Either way you couldn’t be riding her I guess. Your trim was prettier. 😉 lol

As far as the low man beating on her; my father told me once that is always the way it goes. It’s the low horses who are particularly mean. It’s their one opportunity. I wouldn’t put her back in until she is sound and can take care of herself. That will all work out.


----------



## waresbear (Jun 18, 2011)

@Knave those pictures do not show my farrier's trim. The long hoof isn't really trimmed, I just nipped off her toes from the ground, the other side is my trim. This picture is a comparison - the left is mine, right is his.


----------



## waresbear (Jun 18, 2011)

Well since I am for waiting epoxy glue to dry, I will try to get caught up to present day. 
Star blew her abscess and it was huge and still sore for her. My hands got so chapped from soaking, cleaning & wrapping but she was slowly getting better. Since she was getting slightly bossy with Otis over the fence, I put her back in with him, dogs monitoring the situation. Nothing happened, he was friendly-ish. They went down to the pasture together, she was slow but she went, and 5 minutes behind him coming back for supper. I threw out 2 piles of hay and filled Otis's hay feeder. No squabbles, they shared a hay pile on the ground, and shared the next one but when it came to his feeder, nope not sharing. She figured out his game the next time, when he came over to snuggle & share, she went to another pile, he gave up & just eats from his feeder before she goes over there. She continues to hate me because I have to doctor her. Her abscess whole is so deep & I have to flush it with a syringe. 

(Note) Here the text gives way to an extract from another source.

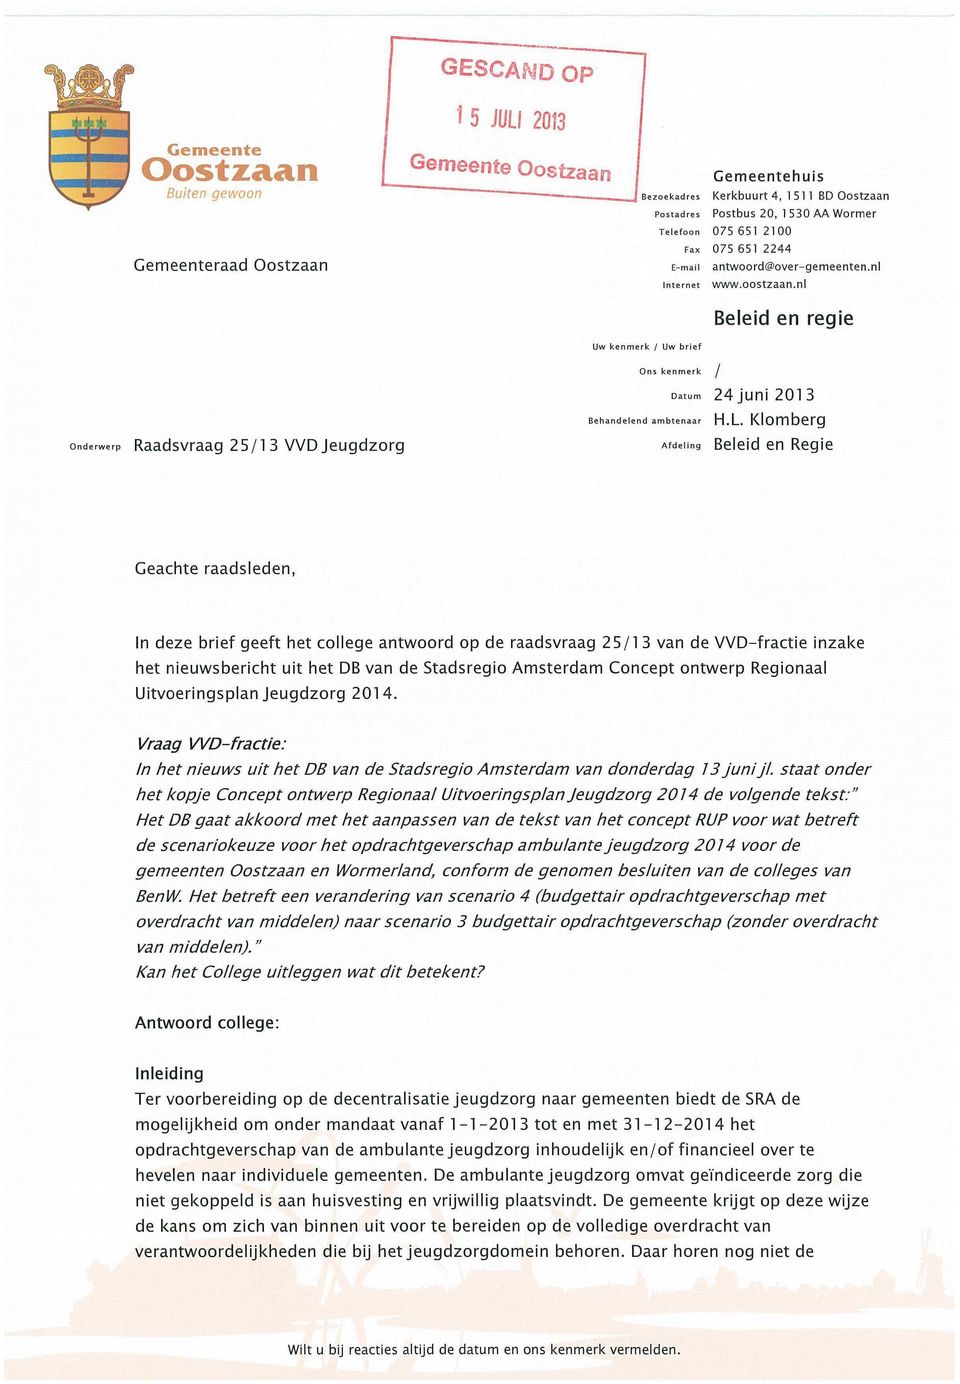 Klomberg Onderwerp Raadsvraag 25/13 VVD Jeugdzorg Afdelmg Beleid en Regie Geachte raadsleden, In deze brief geeft het college antwoord op de raadsvraag 25/13 van de VVD-fractie inzake het

I can't really address any of her sole, even with Bute, she is so sore. It starts to cover over and I am ready to fix up the horrible sole. 








She is so loaded to the outside, I gave my rehab farrier friend a call. She helped me through this. It worked. Star was walking better after.


----------



## waresbear (Jun 18, 2011)

Round two of waiting for epoxies to dry, lol. I have a horse hair jewelry business, orders are pouring in for Christmas and I go back to my regular job on Thursday. Haven't worked there since Covid lock down.
Star was getting better & better everyday, she actually trotted a little up from the pasture. Her heels were staying back and I was ready to trim her again. Did away with the hoof boots and wrapping, she was moving normally. Then one morning she was lame, LAME! On the abscessed one. Great! I figured it closed up too soon and still needed to drain. I poulticed it with Animalintex, wrapped it and put a boot on it. Next morning, who is cantering up the hill for breakfast? It was her and she was sound! I took the hoof boot off but not the wrap as it was mucky and she had duct tape over the vetwrap. Figured I would give her a day then cut it off. She lost it somewhere in a few hours. Had a look at the abscess, the original whole was closed but another track drained under the frog next to it. I gave her a few days without me bothering her. She seriously dislikes me unless I give her cookies, then it's only while the cookies last. 
My last poultice & wrap...

















We both have angry mare faces....









But homemade horse cookies earns a pleasant expression....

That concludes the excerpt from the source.